According to FactSet

  • Companies issuing positive EPS guidance are 56/112 or 50% - well above the 5-year average of 43 and well above the 10- year average of 39.
  • The highest number of S&P 500 companies issuing positive EPS guidance for a quarter since Q2 2021 (66) and highest percentage of S&P 500 companies issuing positive EPS guidance since Q3 2021 (57%).
  • This is the highest since 2006. The previous record was 29, which occurred in the previous quarter (Q2 2025), so sequentially strong as well.
  • Second-largest increase in its bottom-up EPS estimate (+3.6%) for Q3 2025 during the quarter.
  • The Information Technology sector has the highest estimated earnings growth rate of all ten sectors for Q3 2025 at 20.9%.
  • The Information Technology sector has the highest number of companies issuing positive EPS guidance of all 11 sectors at 36, which is 75% above the 5-year average of 21.4 and almost 100% above the 10-year average of 19.5 for the sector.

Wedbush released a note this morning expressing confidence in the M-7, claiming that their channel checks indicate strong demand for enterprise AI solutions from Microsoft Azure, Google Cloud and Amazon Web Services.

The Bad

Most of the strong earnings should already be priced in.

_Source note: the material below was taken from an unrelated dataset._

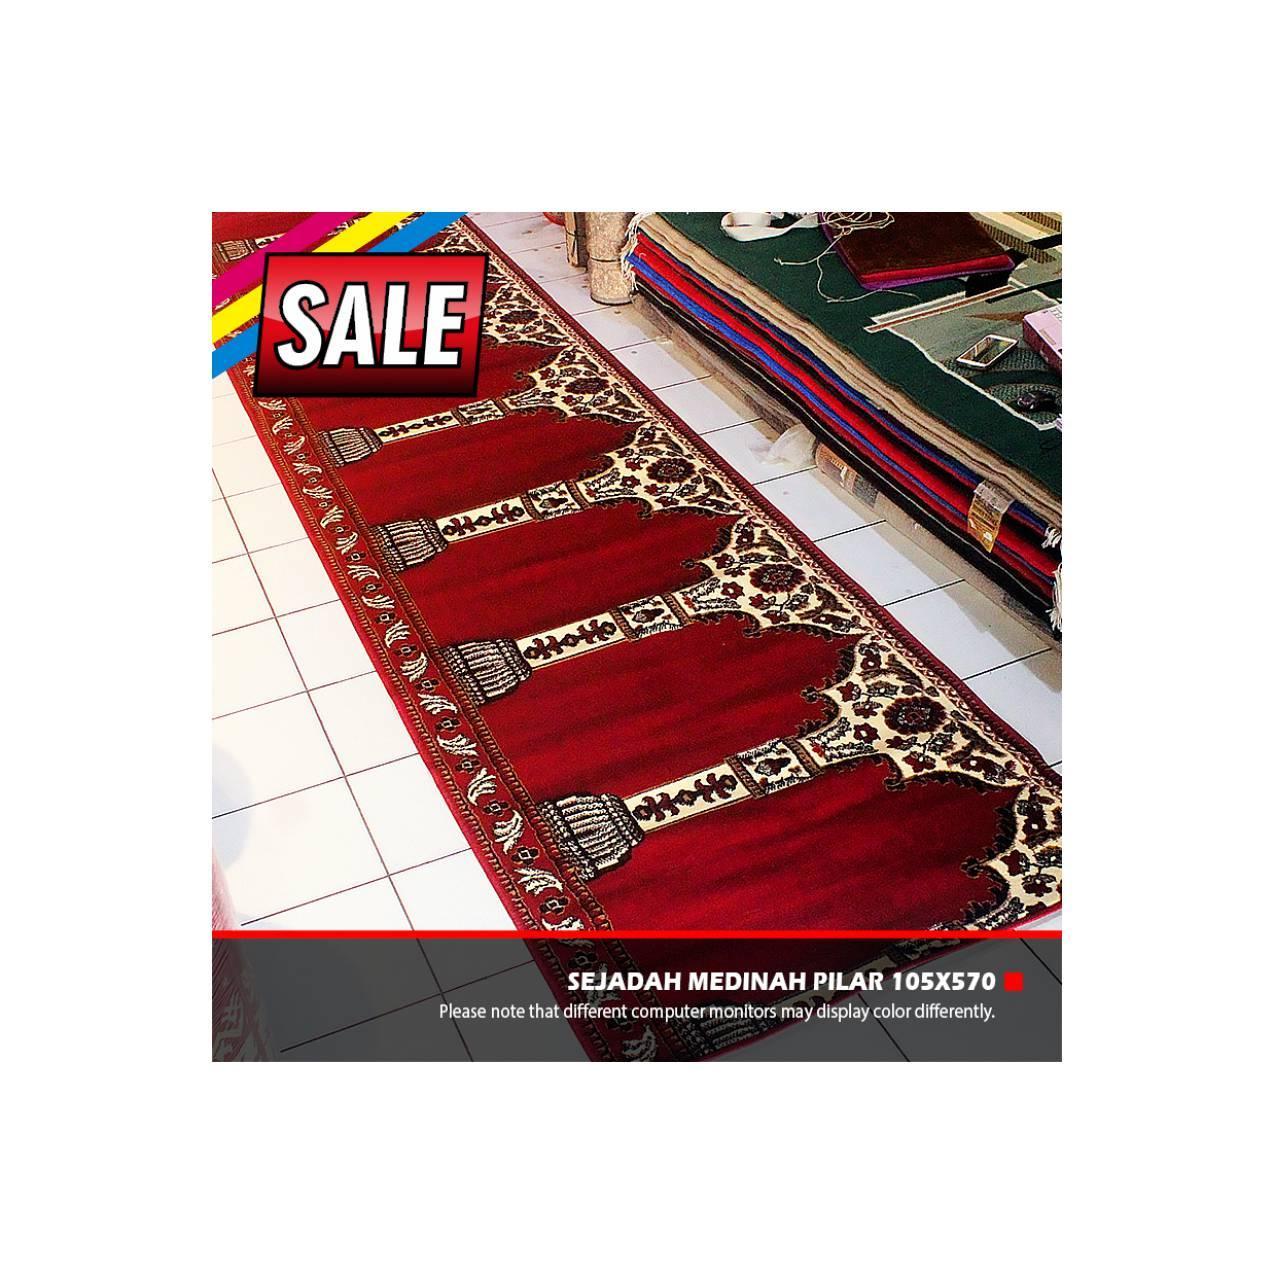 SALE Sajadah Karpet Mesjid Medinah Pilar 105x570cm MURAH BANGET...

The S&P 500 trades at 22.5, 12.5% above its 5 year average of 20, and 25% above its 10-year average of 18. Importantly, the 10-year treasury is now around 4.1%, which is high for a multiple of this size.

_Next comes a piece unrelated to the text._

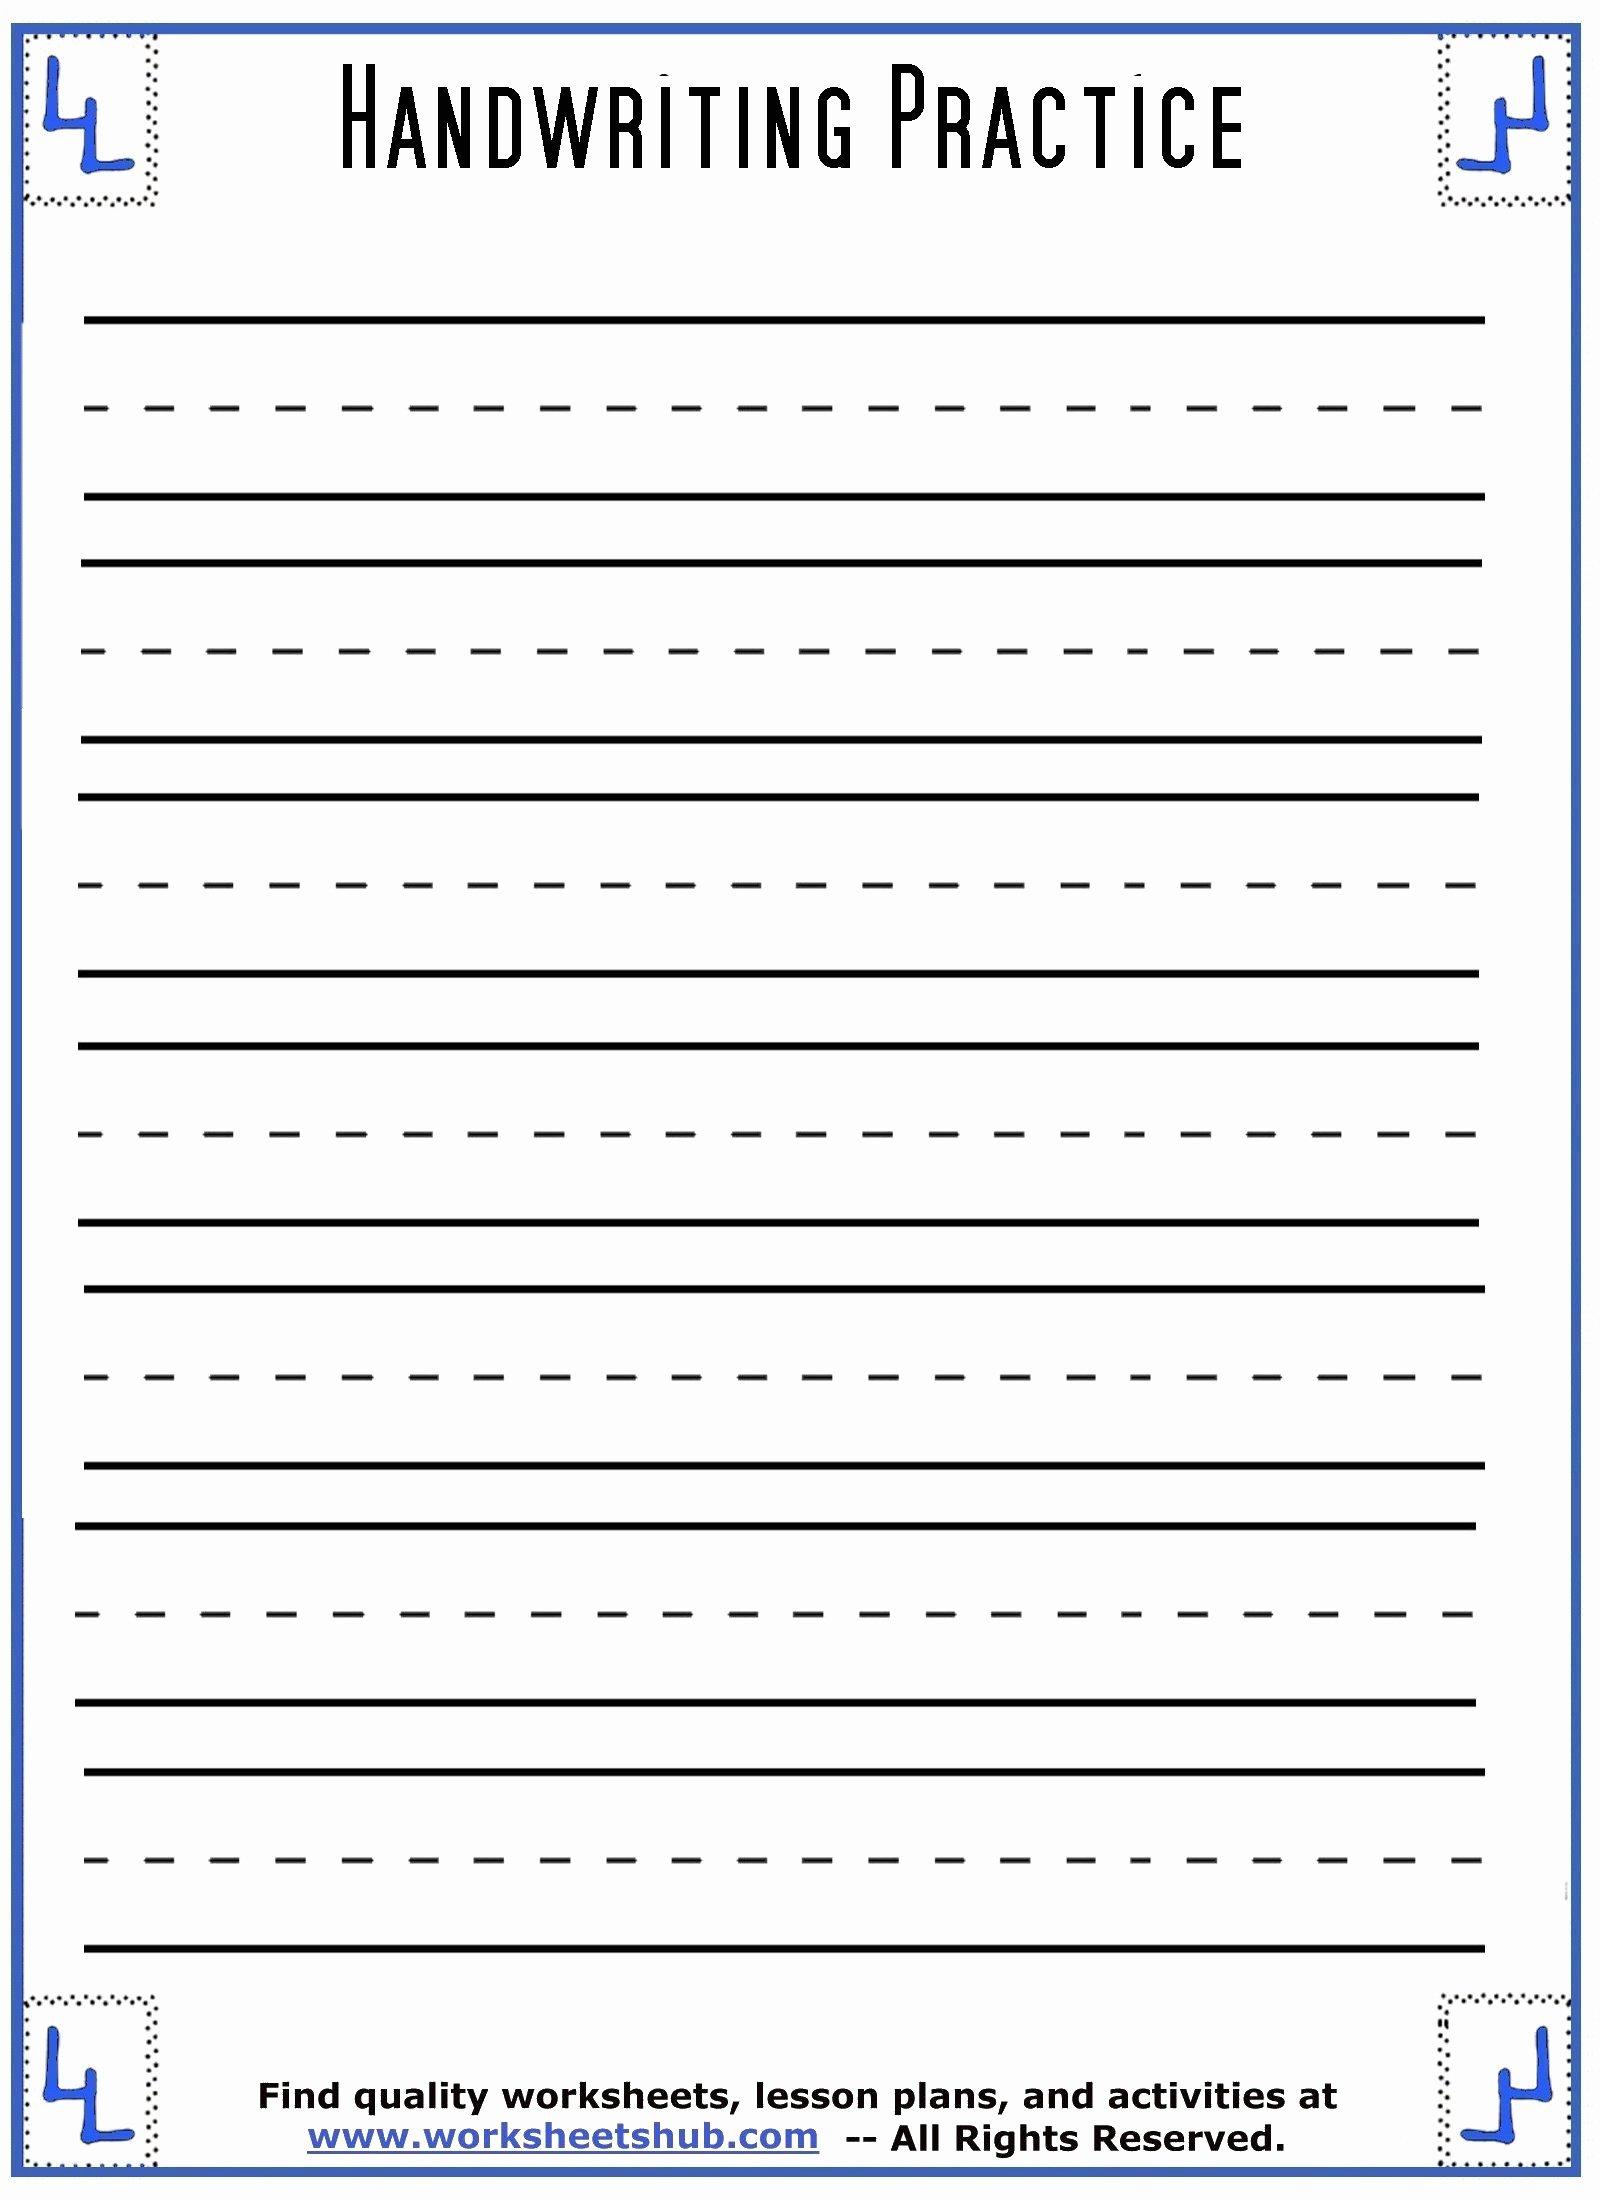 Handwriting Worksheets for Preschoolers Free Lovely Worksheets Handwriting Sheets Printable Lined Paper

High Bullish Sentiment: Excitement over the artificial intelligence trade is stoking investor bullishness on US stocks while also

raising the risks of a rapid selloff, according to Goldman Sachs Group Inc.’s trading desk. Bullish sentiment among the firm’s clients

stands at the highest since December 2024, with 40% of those surveyed expecting the S&P 500 Index to outperform other major

global indexes in October. “Not so distant talks about high valuations and ‘bubble’ territory are forgotten as investors are ready to pile

back into stocks,” Oscar Ostlund, global head of content strategy, market analytics and data science for Goldman’s digital platform

Marquee, wrote in a report. FOMO, or the fear of missing out, “is starting to creep as the cost of being on the sidelines might be

tipping the scales right now,” he added.

The Ugly

The markets are always leading indicators or forward looking, and the best and perhaps the most extreme

example I can give you is Nuclear power generating, mini reactor OKLO which is already priced at $20 Bn with the first real earnings

expectation of $1Bn in 2031.

OpenAI's exposure to deals is already in several hundreds of Billions with annual revenue run rate of  just $13Bn, the exposure to either funding delays or cancellations of projects will be terrible for the markets, especially since OpenAI is forecast to be cash flow negative for the foreseeable future - they're basically spending other people's money.

As is Mira Murati (Ex OpenAI CTO), whose recent $2Bn funding round had this quote from an investor "It was the most absurd pitch meeting, So we’re

doing an AI company with the best AI people, but we can’t answer any questions.’